Generally, the way an attacker can cause a reversion under LMD GHOST is by controlling a proposer for a slot, but withholding their proposal, then later revealing a fork that reverts some honest blocks and throwing their attestation weight onto it. If we consider just the naive attack, then if a given subtree has already accumulated N attestations, an attacker will have to have that same attestation weight in order to fork the network away from it.
However, there are adversarial strategies that improve on this—the high-level takeaway from formulations like the Avalanche attack is that attackers can achieve deeper reversions with their stakeweight through the timing of their reveals and the structure of the alternate forks they produce. Thus, although the difficulty of reverting a block clearly increases along with its subtree attestation weight, it’s difficult to put an exact price on this.

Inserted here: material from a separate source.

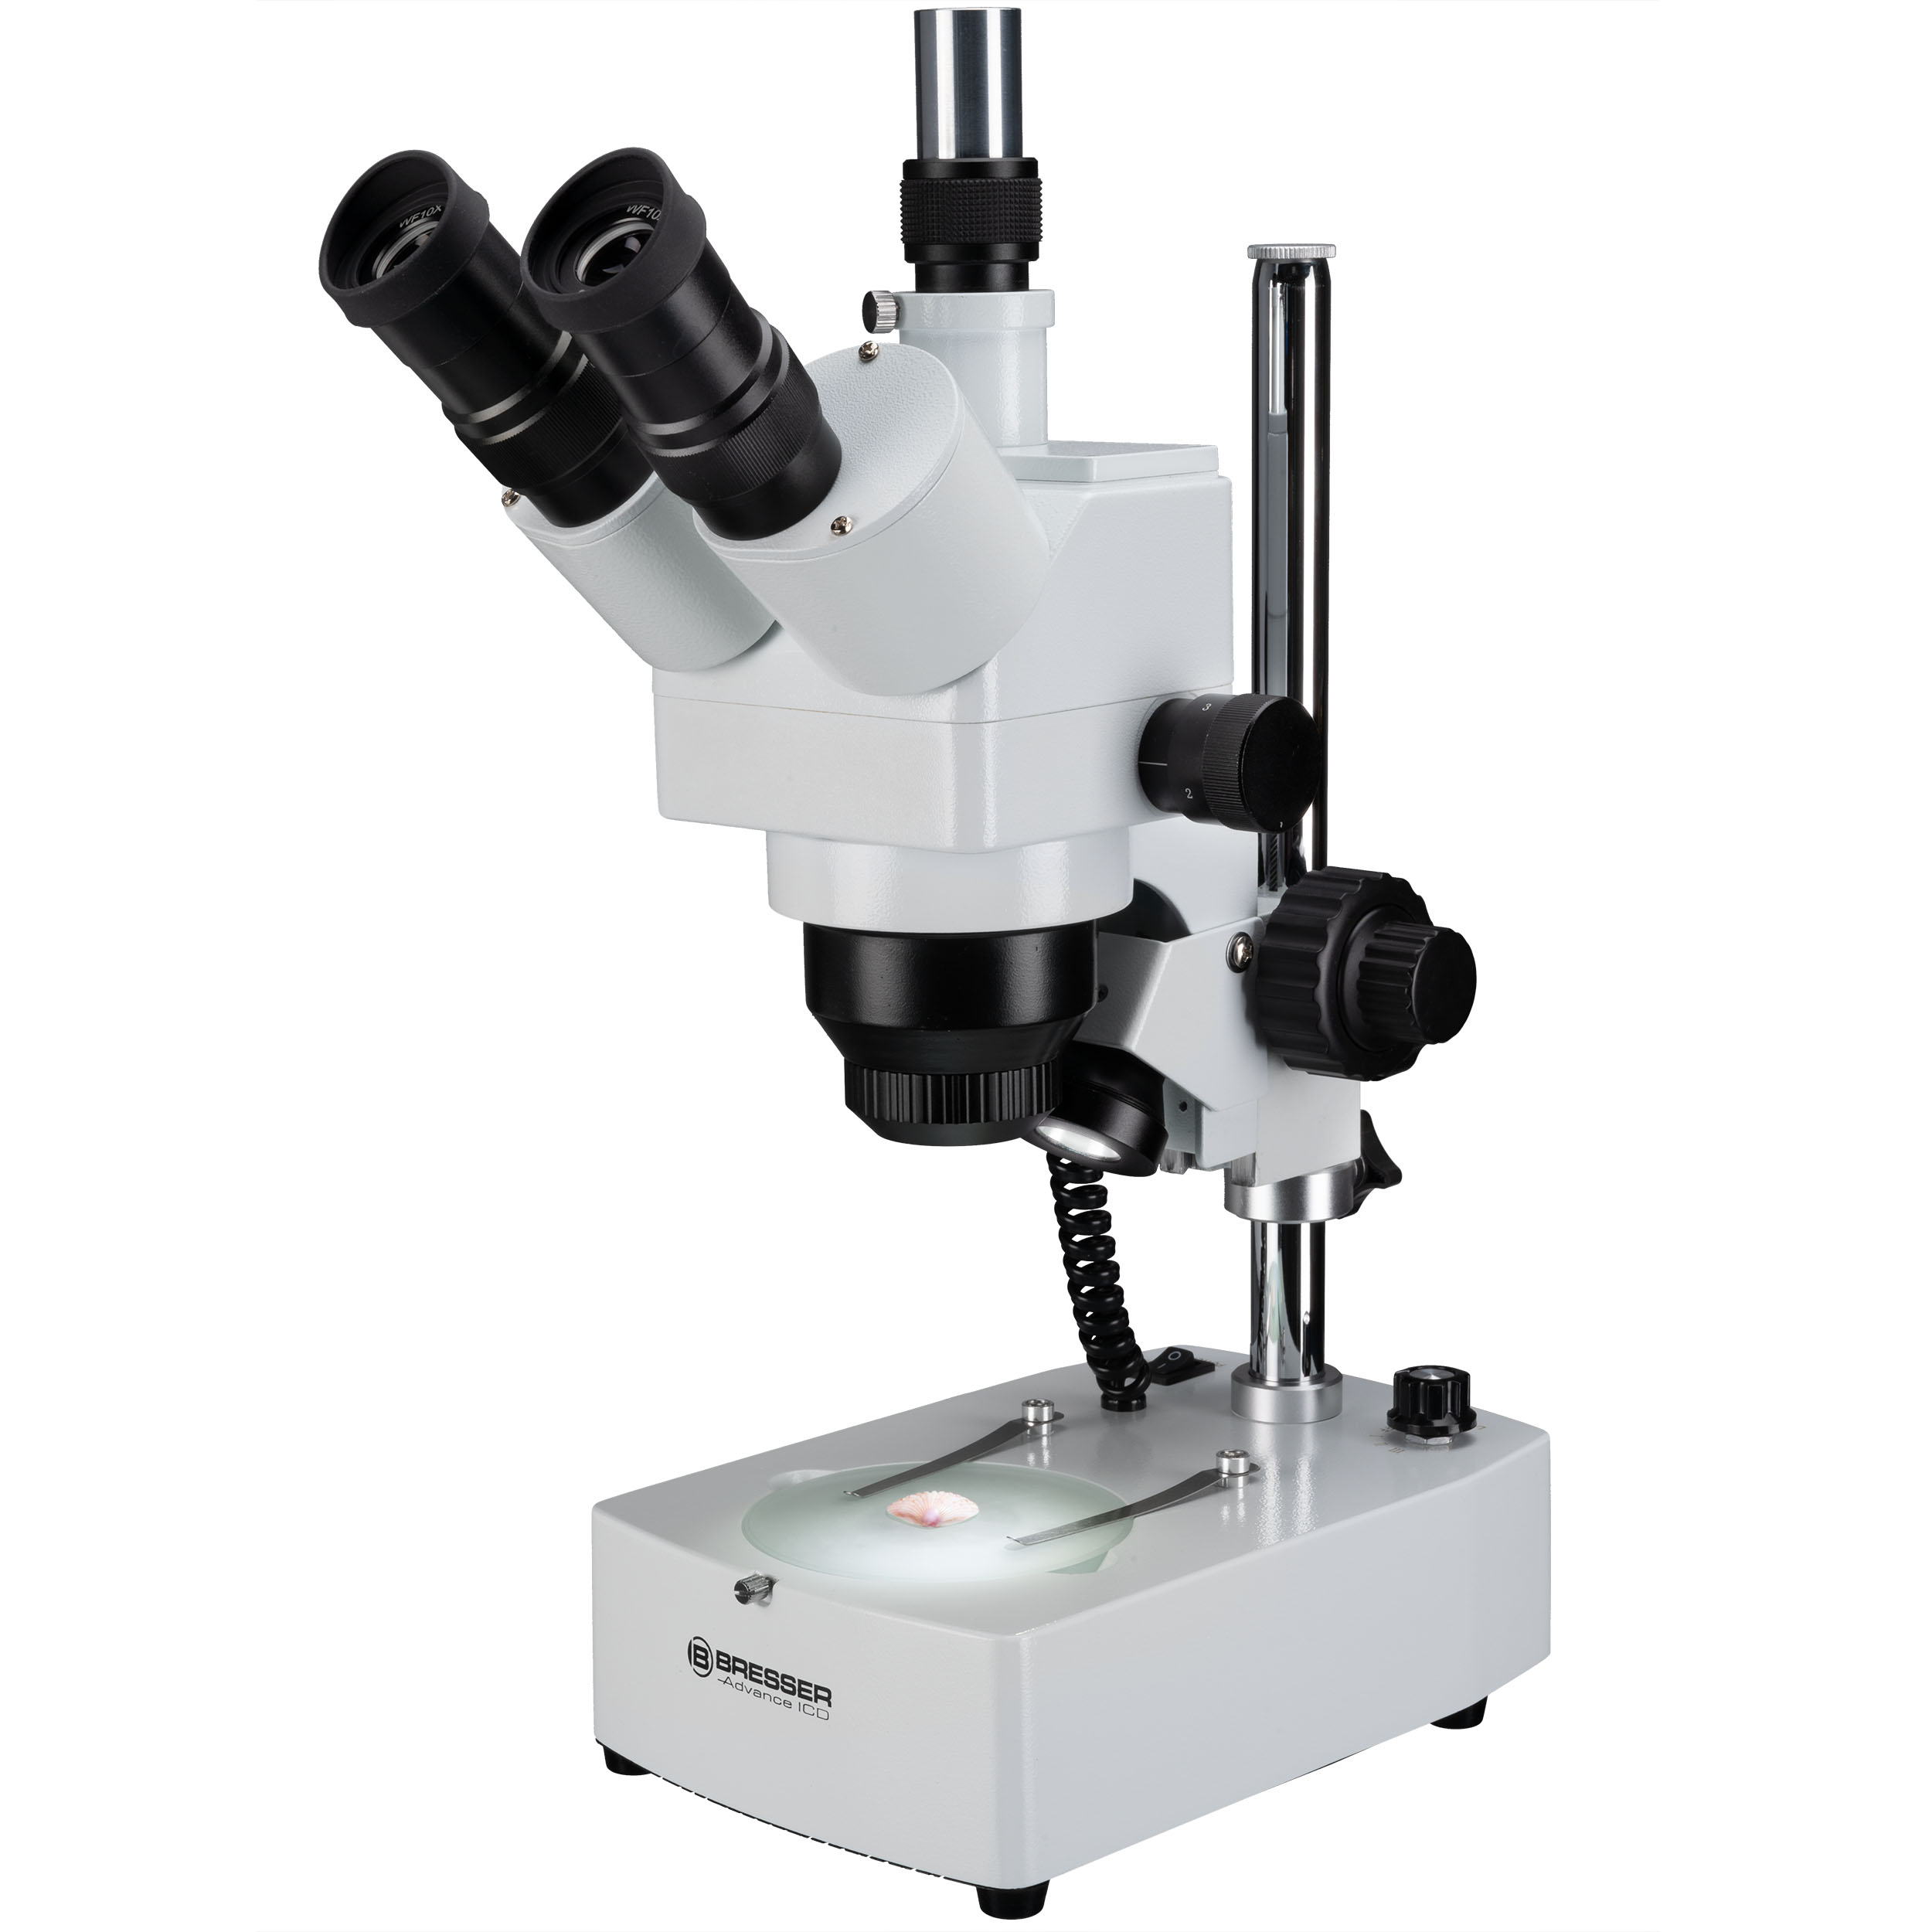 Microscopio zoom stereo di alta qualità per amatori e applicazioni professionali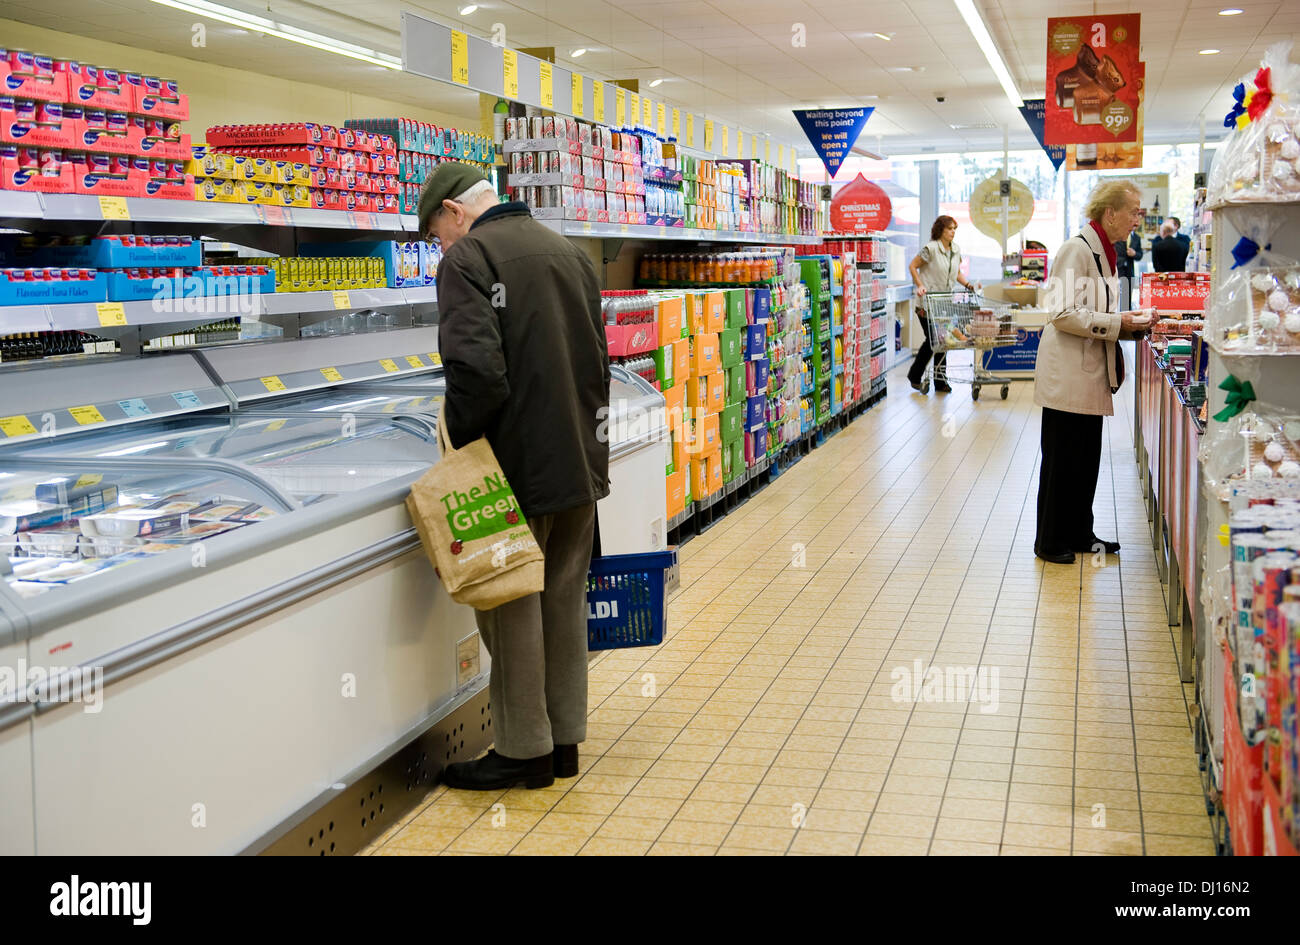 Shopping pour un pensionné dans du budget du Royaume-Uni, supermarché Aldi. Banque D'Images

A number of modifications have been made to Ethereum’s fork choice rule that make these attacks less feasible, such as ignoring validators who equivocate with their attestations and proposer boost, which gives extra weight to blocks proposed in a timely manner, but the exact parameters required for a successful attack remain fairly vague.
Although block reversions can also occur among honest validators due to network asynchrony or client partitions (here is an exploration of a 7-block reorg that occurred pre-merge, due to a partially adopted consensus client update), Ethereum’s PoS consensus is very effective at preventing conditions that produce “accidental” re-orgs, having so far proven to be much more stable than under the proof of work regime.
Our own full nodes have experienced about 90 chain re-orgs since the merge, with none of them reverting deeper than a single block. Once again, it’s important not to take this as a prior thoughtlessly and assume that deeper reversions can’t happen, especially if there are specific payoffs to an attacker for doing so. Even with 51% of the total attestation weight of validators, which would prevent any naive attacks, there still isn’t a formal guarantee that a subtree can’t be reverted—for cross-chain applications, the risk of double spend attacks (which are accomplished by causing reversions) are particularly crucial to consider.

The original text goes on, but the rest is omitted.